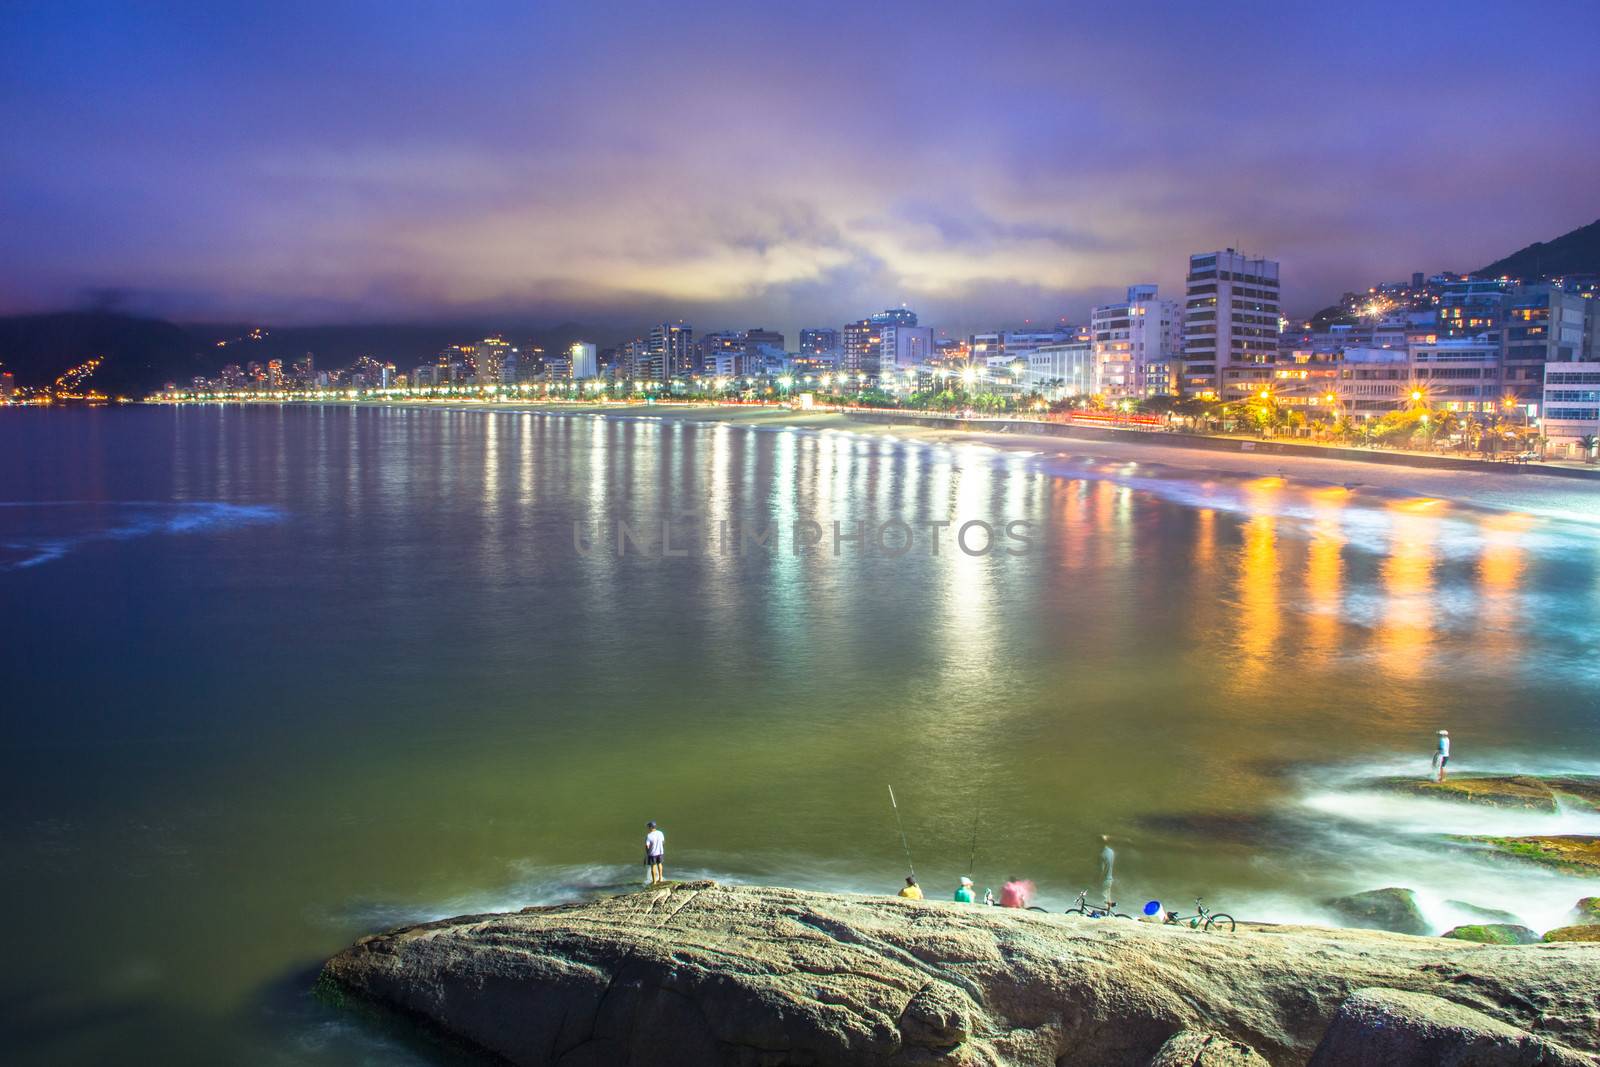 Ipanema beach, Rio de Janeiro, Brazil. by kasto
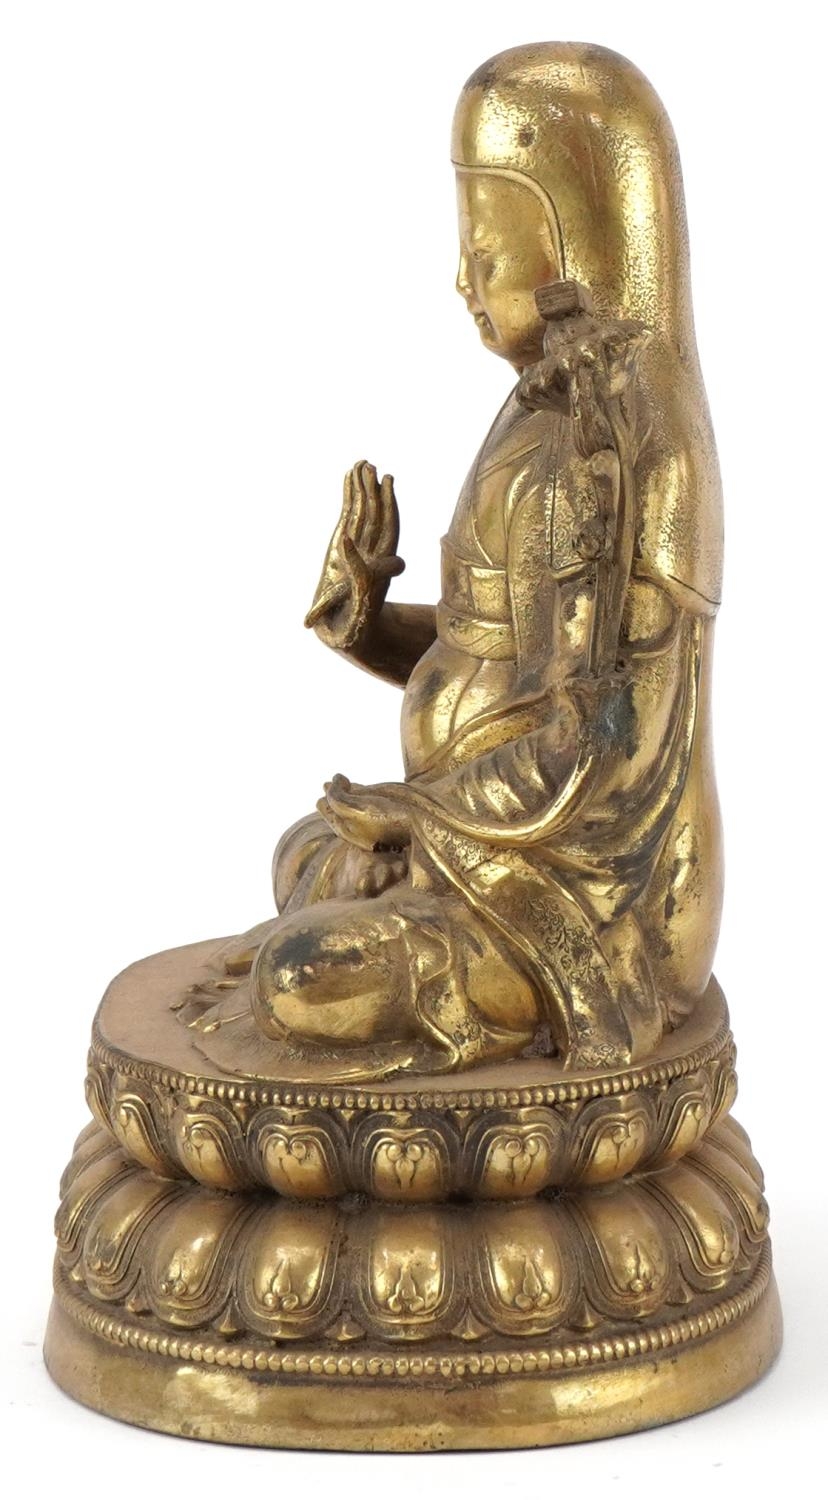 Chino Tibetan gilt bronze Buddha, 24cm high - Image 3 of 7
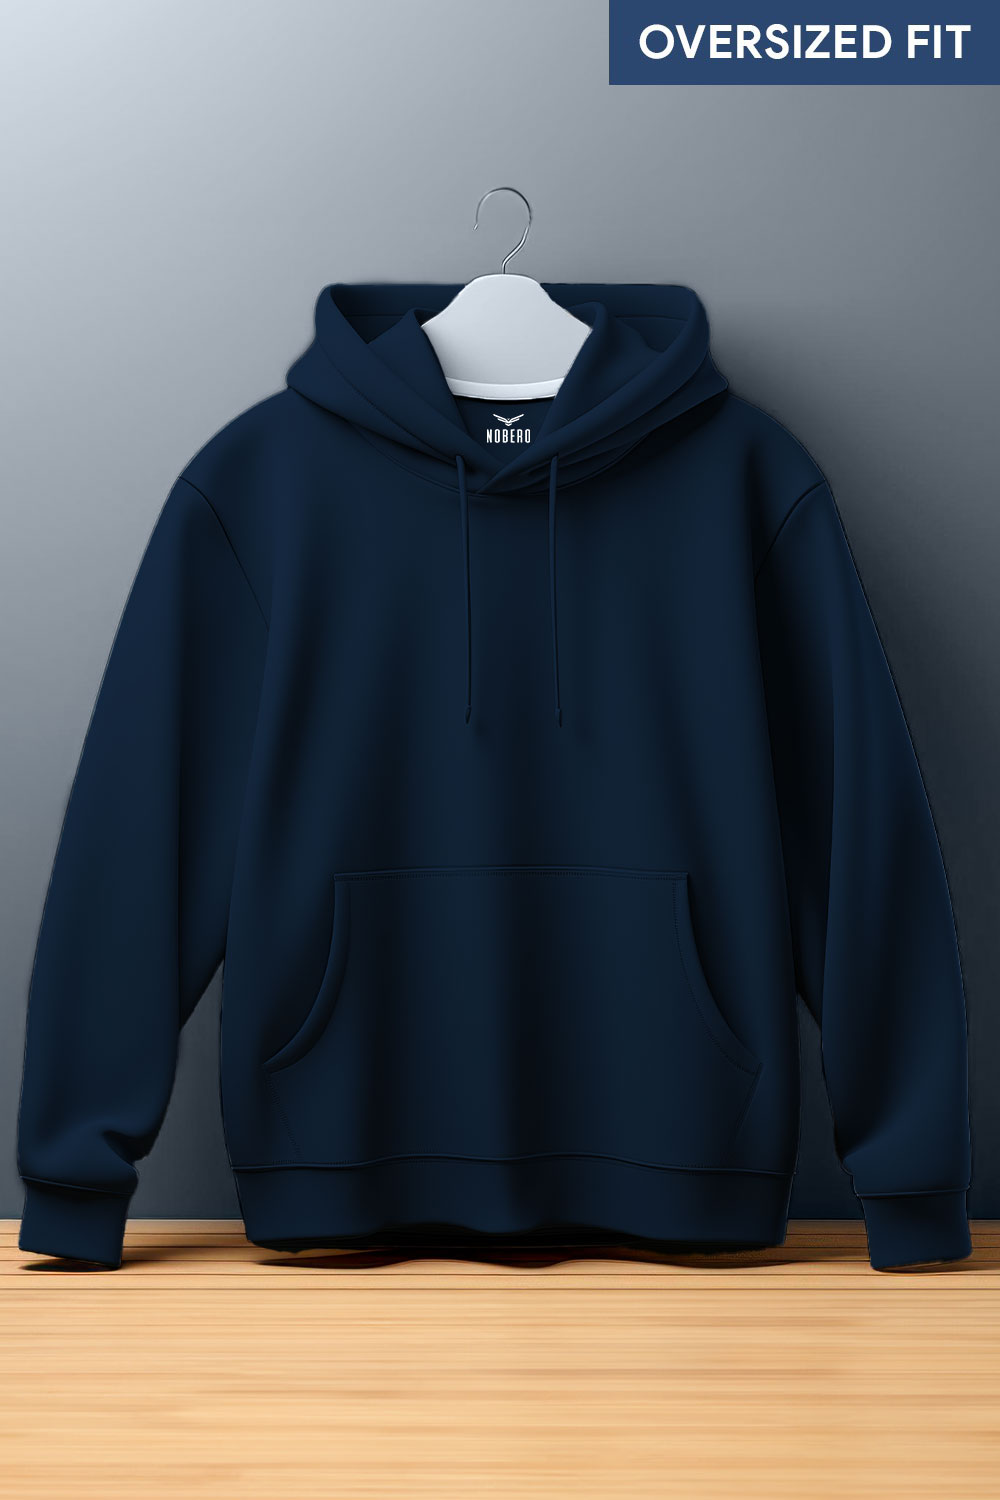 Sweatshirt jacket with a hood - dark blue

Task description: The data should be printed again unchanged; leave its pictures out.

Response to the exercise:
 Ipanema beach, Rio de Janeiro, Brazil. by kasto
 Chino Tibetan gilt bronze Buddha, 24cm high - Image 3 of 7
 Sweatshirt jacket with a hood - dark blue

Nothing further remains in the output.